Performance Materials feels the impact of more intense competition in the Liquid Crystals business

In 2017, net sales of the Performance Materials business sector decreased by -2.6% to € 2.4 billion (2016: € 2.5 billion). This was mainly due to an organic sales decline of -1.7% as the Display Materials business did not reach the previous year’s level. The stronger euro compared with 2016 also impacted the development of net sales by -0.9%. 

The Display Materials business unit, consisting of the Liquid Crystals business and complementary materials, recorded an organic decline in sales in 2017. However, it continued to defend its market leadership position. The decrease in sales was due to the more intense competition in the business with established liquid crystal technologies. An exception here was the energy-saving UB-FFS technology, which achieved high double-digit growth. The Display Materials business unit represented more than 50% of the net sales of Performance Materials in 2017. 

The Integrated Circuit Materials (IC-Materials) business unit recorded very strong organic sales growth, to which all major businesses contributed. Particularly high growth rates were achieved in the businesses with dielectric materials and deposition materials for chip production. Net sales of the Pigments & Functional Materials business unit grew moderately. This was driven mainly by demand for materials for decorative applications, such as Xirallic pigments, which are used particularly in automotive coatings. 
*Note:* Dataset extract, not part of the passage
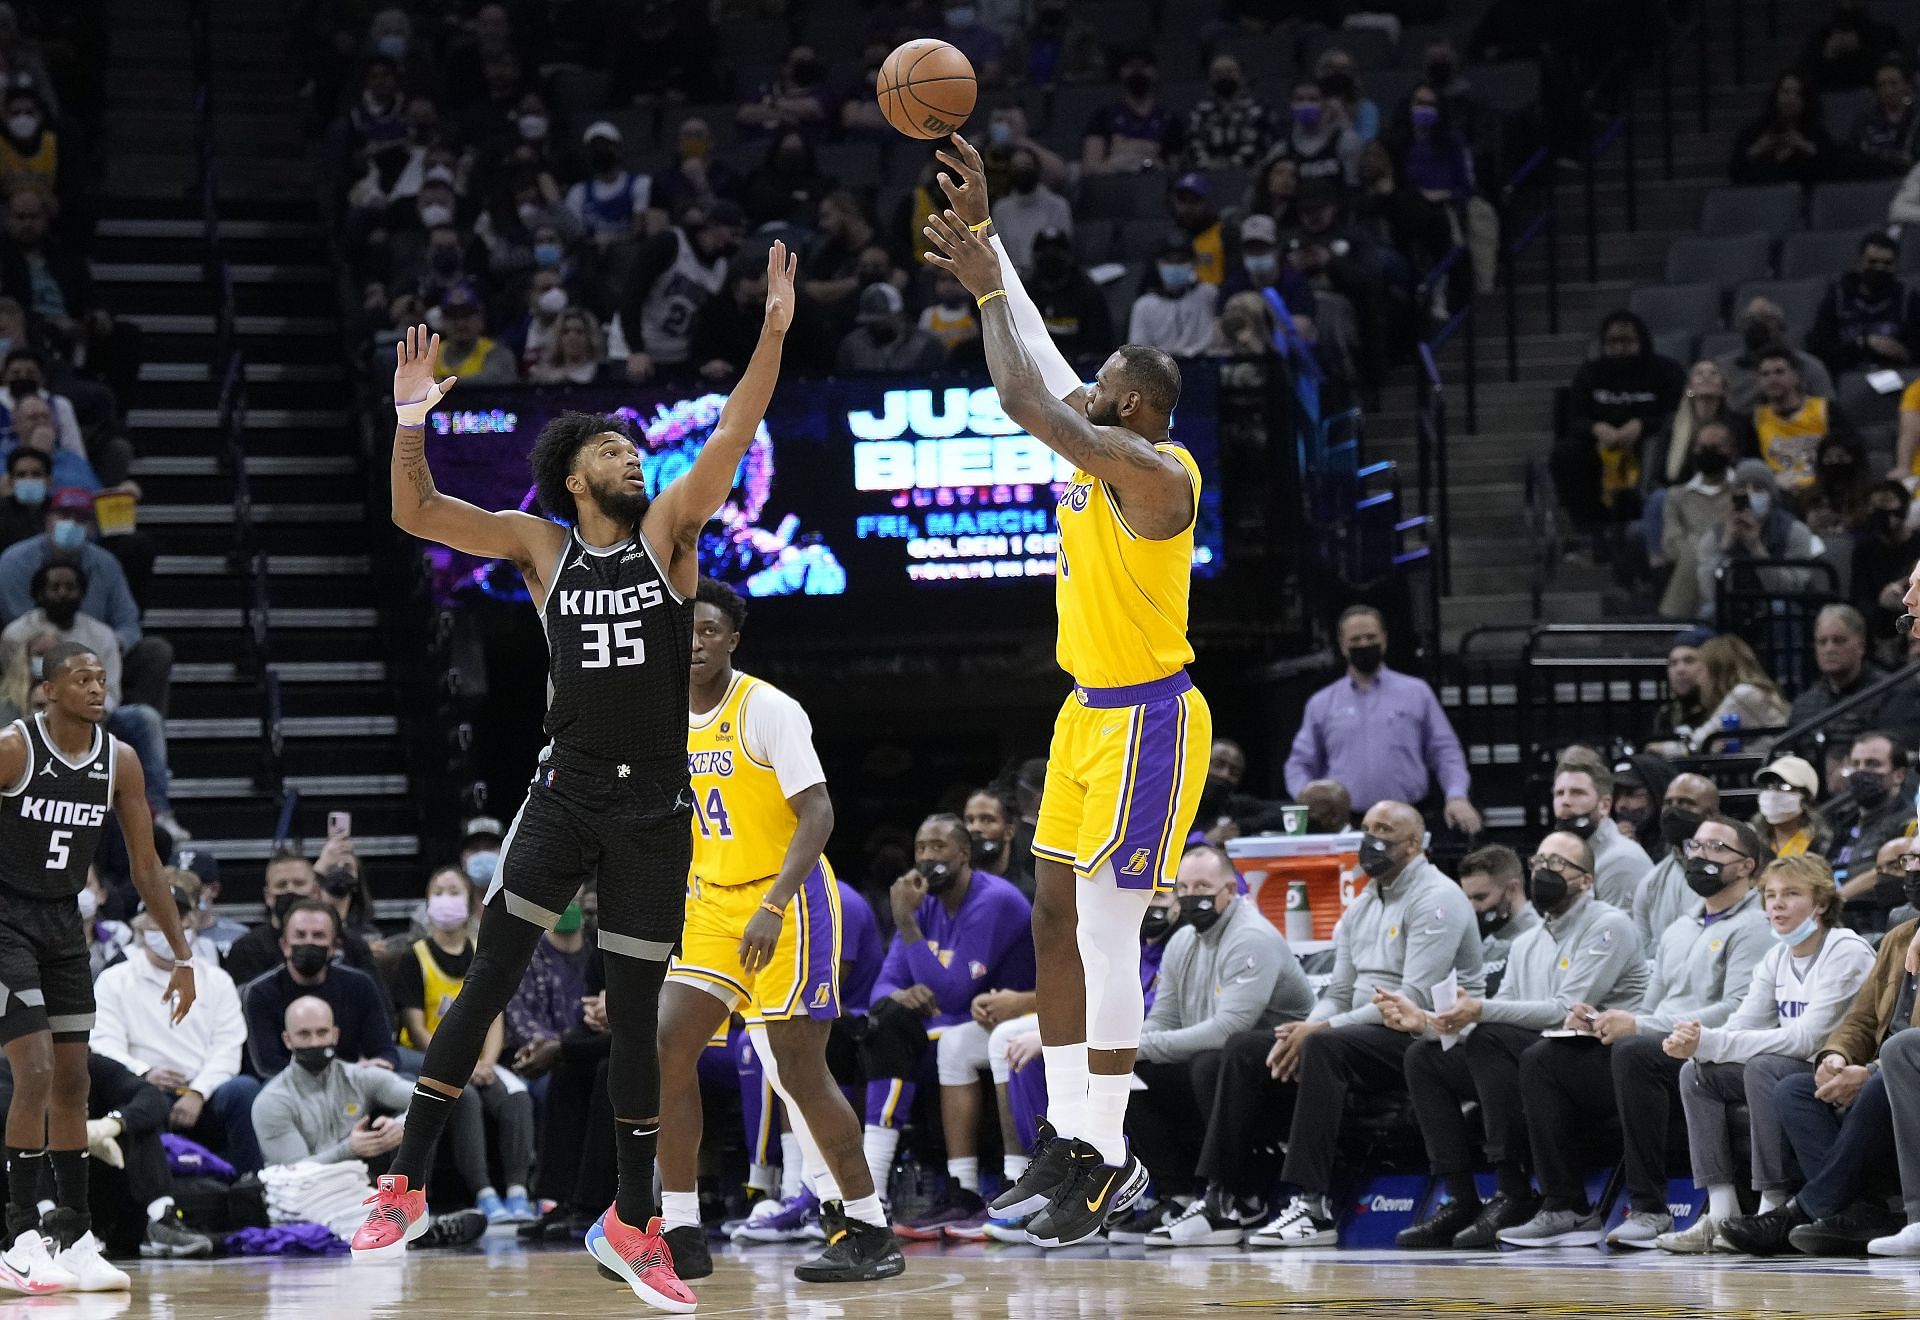 LeBron James #6 of the Los Angeles Lakers shoots a three-point shot over Marvin Bagley III #35 of the Sacramento Kings

In the Advanced Technologies business unit, higher demand for OLED materials led to significant sales growth. 

To strengthen its focus in 2018 even more strongly on the needs of customers and markets, Merck announced in December 2017 that it will combine the expertise of its Performance Materials business sector in three newly created business units aligned with target markets: Display Solutions, Semiconductor Solutions and Surface Solutions.

EBITDA pre of Performance Materials fell in 2017 by -11.4% to € 980 million (2016: € 1,106 million). The EBITDA pre margin declined to 40.1% (2016: 44.1%). In 2017, the profitability of Performance Materials was again the highest of the three Merck business sectors.
 

For 2018, Merck expects sales growth and a decline in EBITDA pre

In 2018, Merck expects moderate organic growth of Group sales in comparison with 2017. On a currency-adjusted basis, Merck forecasts a slight percentage decline in EBITDA pre for the Merck Group in 2018 compared with 2017. In addition, foreign exchange rates are expected to impact EBITDA pre by approximately -4% to -6% compared with 2017, which will affect all three business sectors. This estimation is based on the assumption of a negative exchange rate effect, in particular owing to the development of the U.S. dollar and further declines in the value of the currencies of various growth markets.